Mohandas Gandhi was one of the great human beings of the 20th Century, and there's a lot that freedom-seekers can learn from his example. Of Indian origin, he trained as an attorney in London and set out for Pretoria to start his career but in 1893 was thrown off a train in Pietermaritzburg because, despite his first class ticket, he was "colored." The experience changed his entire outlook.
He led non-violent resistance movements in both South Africa and India until his death by assassination in 1948; his great mission to see the British colonists depart, fulfilled.
The resistance technique he developed he called Satyagraha, meaning devotion to the truth, and it involved not obeying the ruler, but not using violence against him either. In South Africa he and his followers burned their ID cards (which classified them as colored) and declined to obey other orders. In India he taught villagers not to buy cloth imported from Britain but to weave their own; this was far more expensive, but monkey-wrenched the colonial economy. Similarly he led a march to the sea where they made their own salt, a vital commodity which the colonial rulers had monopolized; again, disrupting the economy without using any violence. Gradually, the rulers began to treat him as a serious nuisance.
Towards the end of British rule he met with the Governor and his entourage and was asked if he seriously expected them to just walk away from India; he said "Yes" and explained that it was impossible for 100,000 Englishmen to rule 350 million Indians without the latters' cooperation; and he intended for that cooperation to be withdrawn. A few years later, that is exactly what happened. The lesson for anyone else being ruled by a small élite is obvious.
That all said and meant, I think the adulation of Gandhi is overdone.
That he caused a nuisance to the respective rulers is beyond doubt. That he did bring about some relaxation of their arrogant laws is also true. But he did not cause the British to leave India and he did not end what was later called "apartheid" in South Africa. The British left India because by 1945 they were close to bankruptcy from the follies of two major wars and had concluded that their many colonies were liabilities, not assets, and they set about shedding them as fast as they could. India was just the biggest of many.
Further, they were in such a hurry to quit that the job was not well done; the rivalry between Hindus and Moslems became so intense that they split the new nation in two (later, three: Pakistan, Bangladesh and India) with terrible violence erupting between the millions relocating between the territories. Gandhi wasn't responsible directly, unless he hurried the process along; and that is just what his admirers claim he did. He certainly opposed the partition, but he was unable to stop it. Had independence been delayed a year or two, it might have been arranged much more peacefully.
Gandhi also set his sights far too low. Instead of using his ideas and influence to bring about an end to government altogether, he aimed only to end colonial government; the replacement was, for several decades, markedly worse.

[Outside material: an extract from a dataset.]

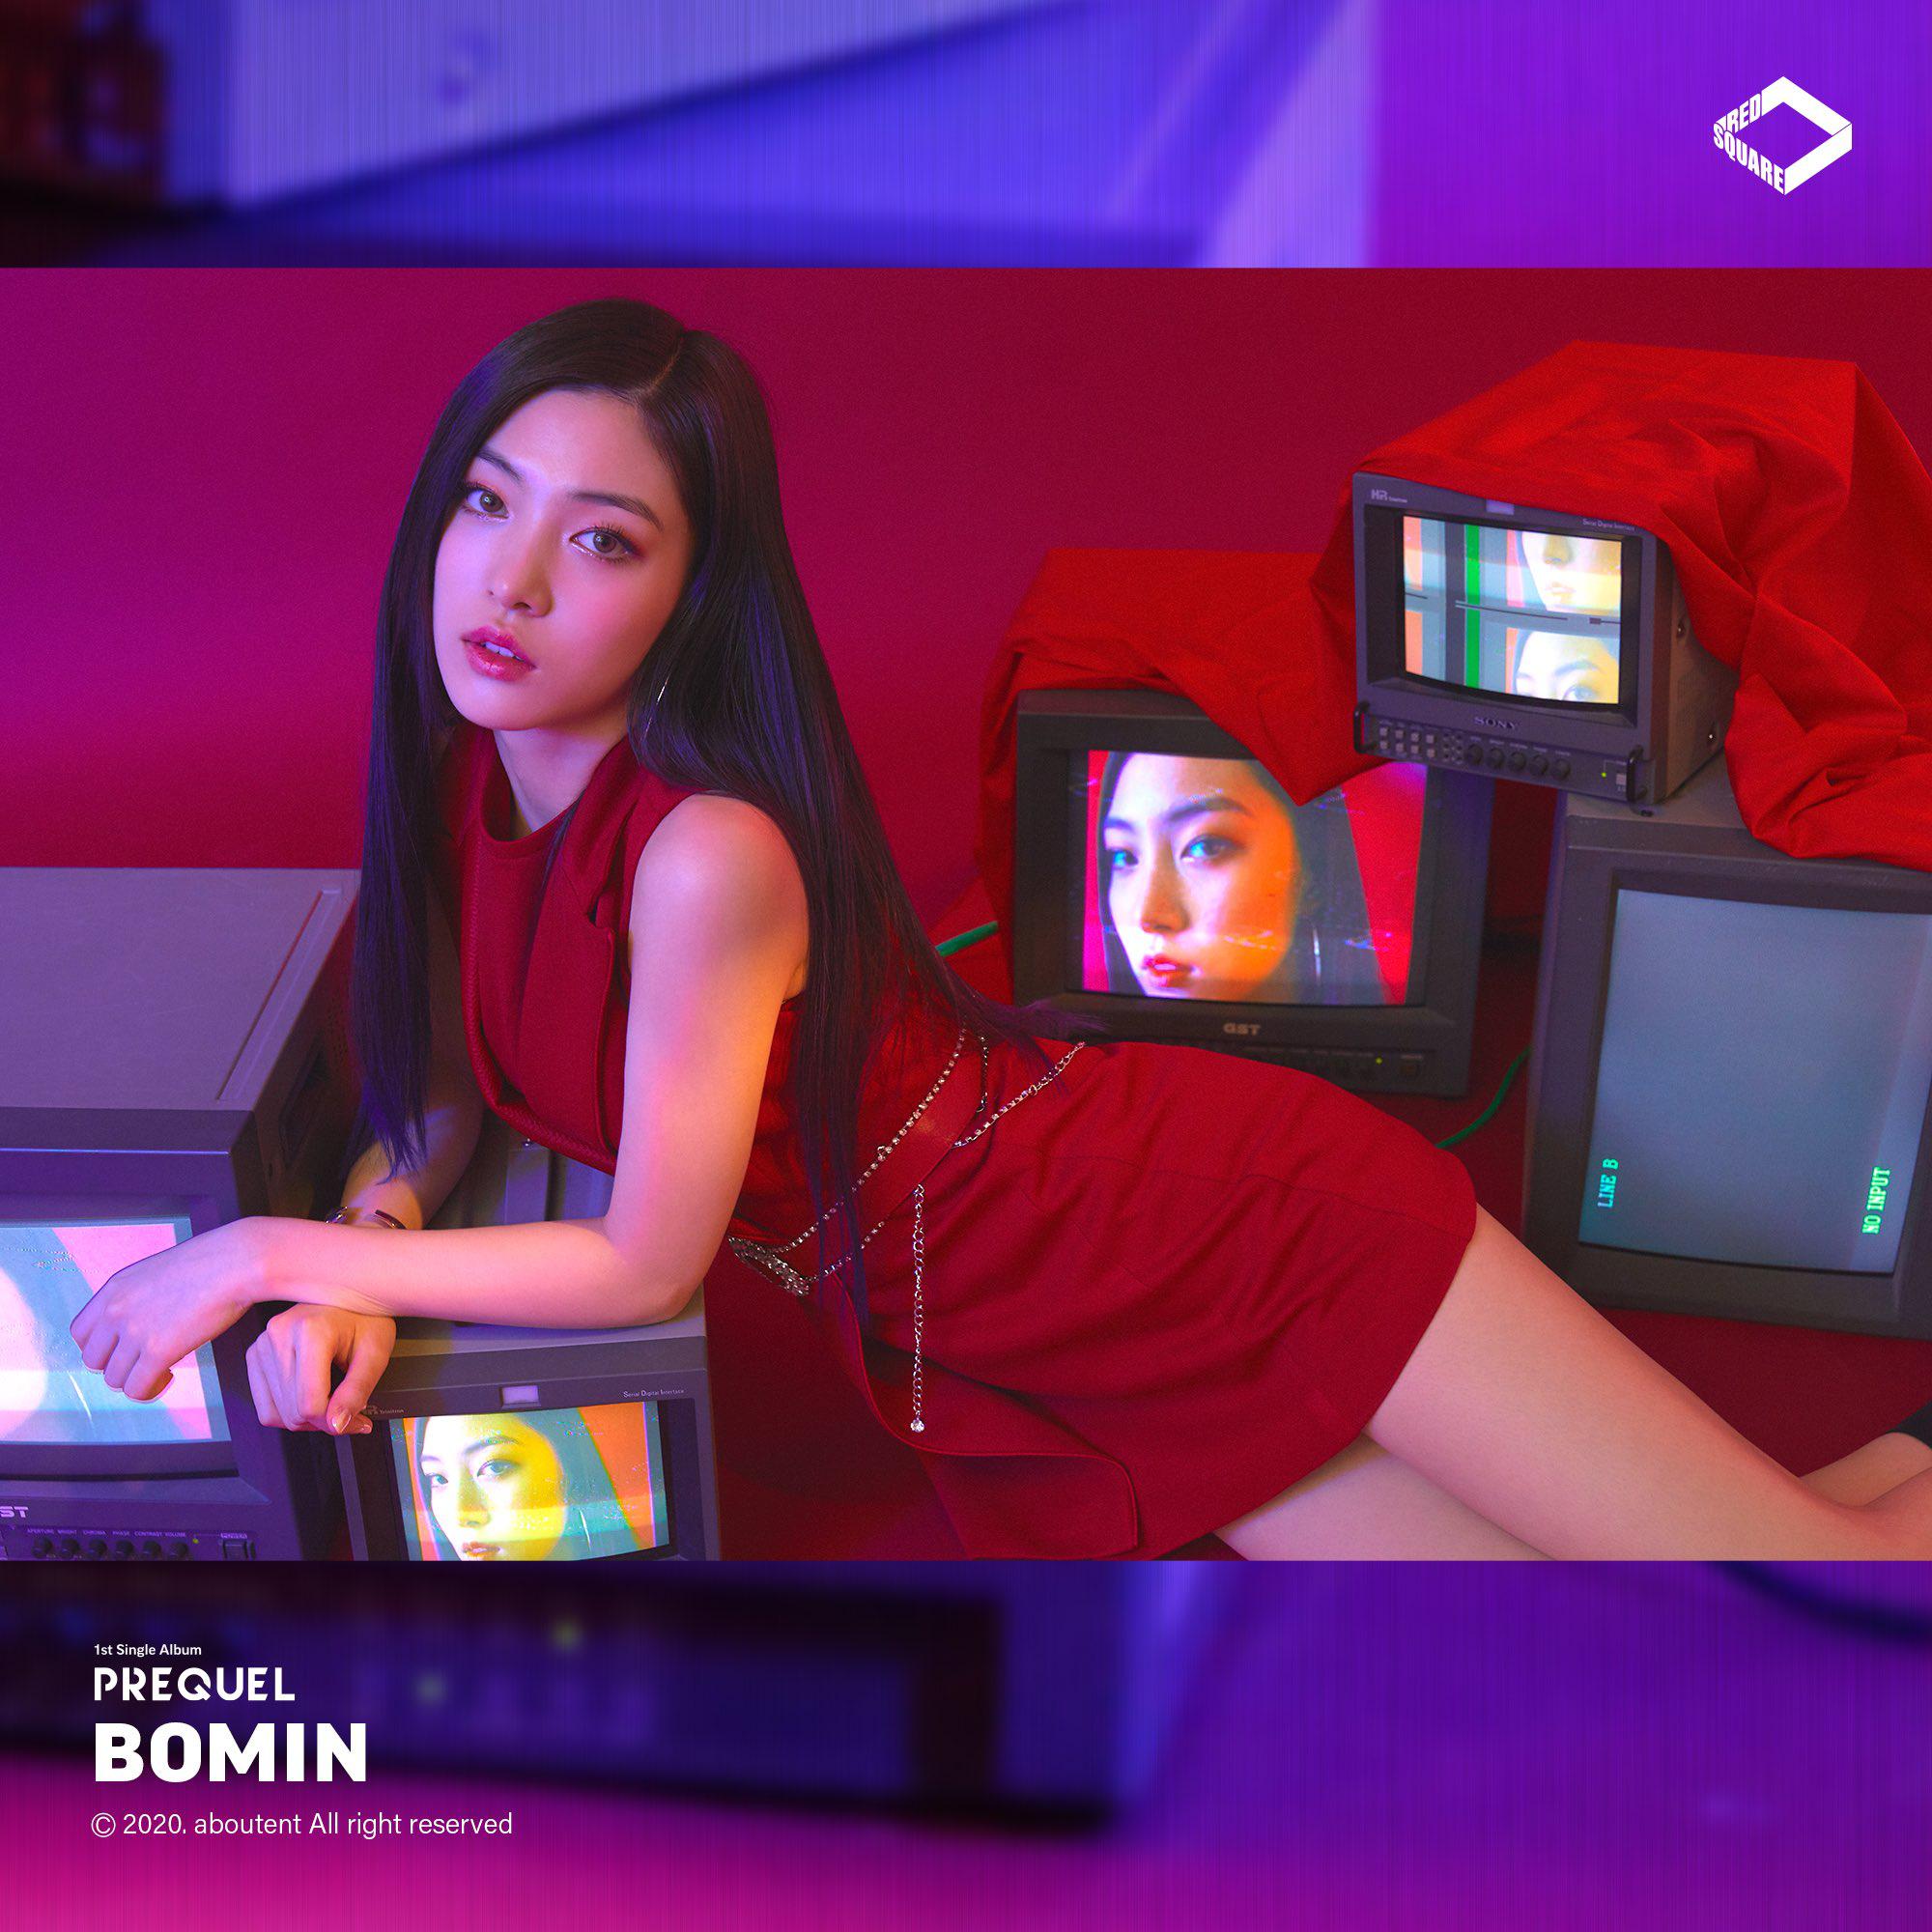 Bomin (REDSQUARE)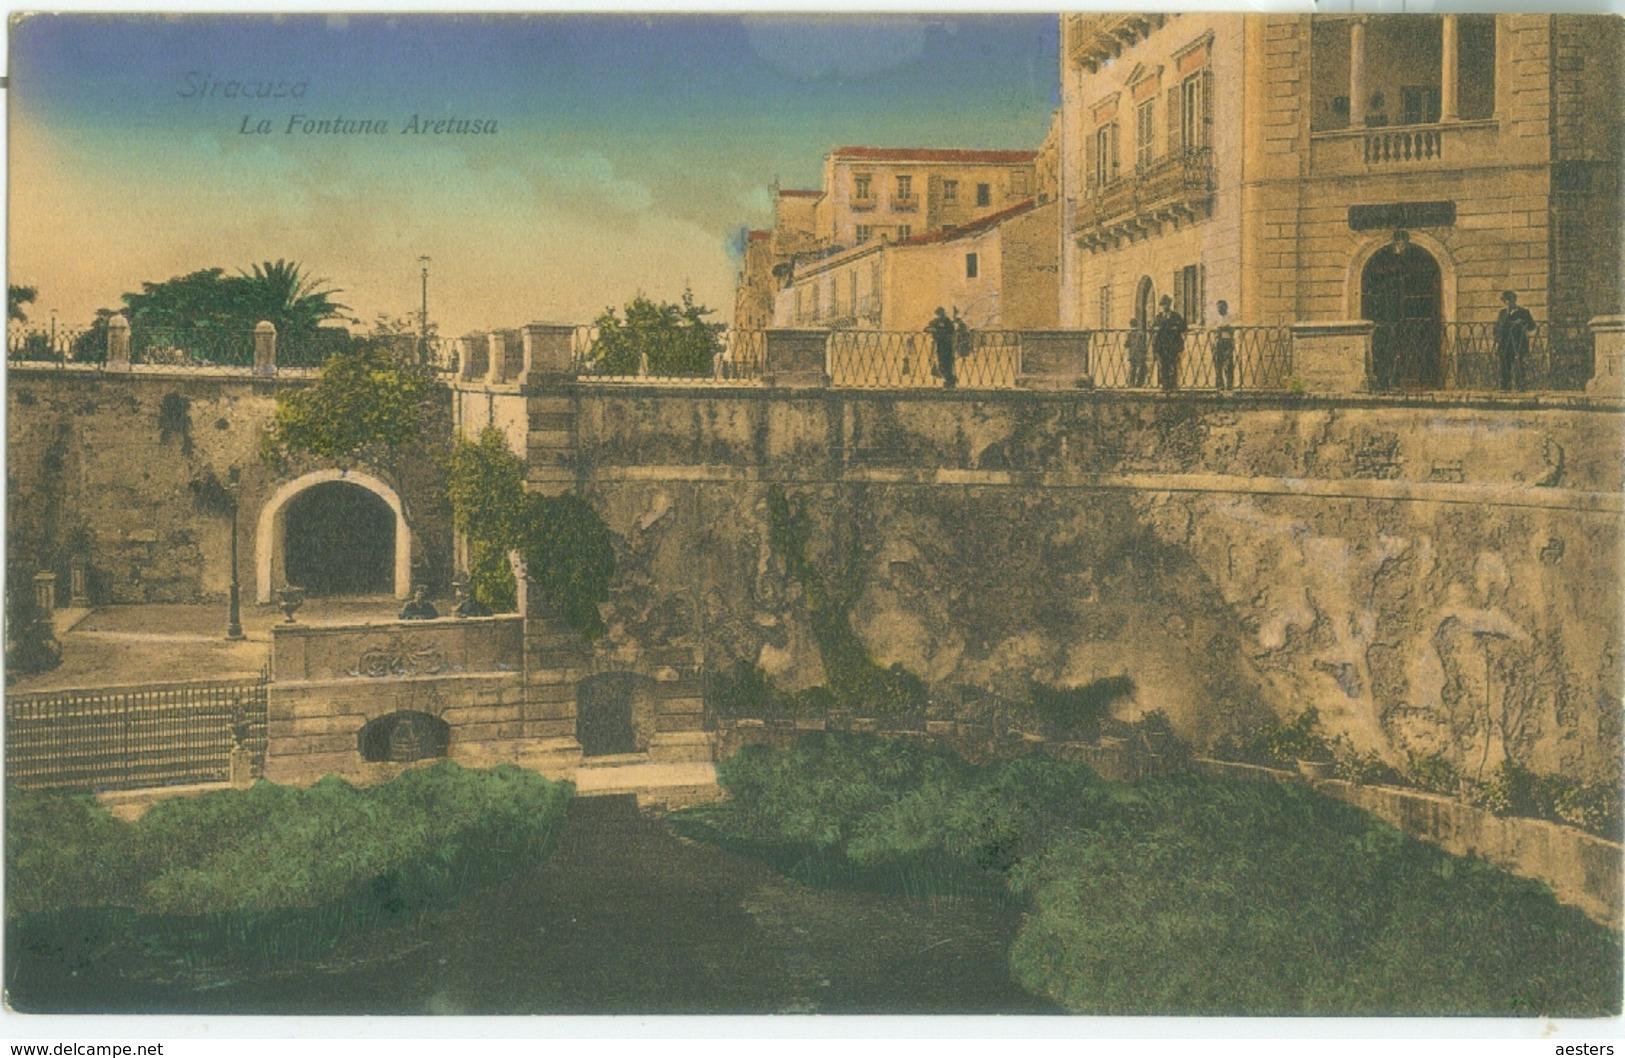 Siracusa; La Fontana Aretusa - Non Viaggiata. (Santoro - Siracusa) - Siracusa

At day's end he was still a statist. His is the story of all other revolutions in history.
As the avalanche of Transition to Liberty gains momentum here, a few years from now, we shall for a while be in a state of turmoil; the old order will still be around, dangerously armed, even as their resources are draining away. We can well emulate Gandhi's Satyagraha and politely ignore their orders, while refraining from the use of our ever-growing arsenal of firearms. That will usefully hasten their dissolution. But unlike him, we shall keep our eyes fixed on the main objective: the elimination of all government. We shall instead issue invitations to study in the Freedom Academy, until there is not one person who has not done so and in consequence ended his employment by the archists.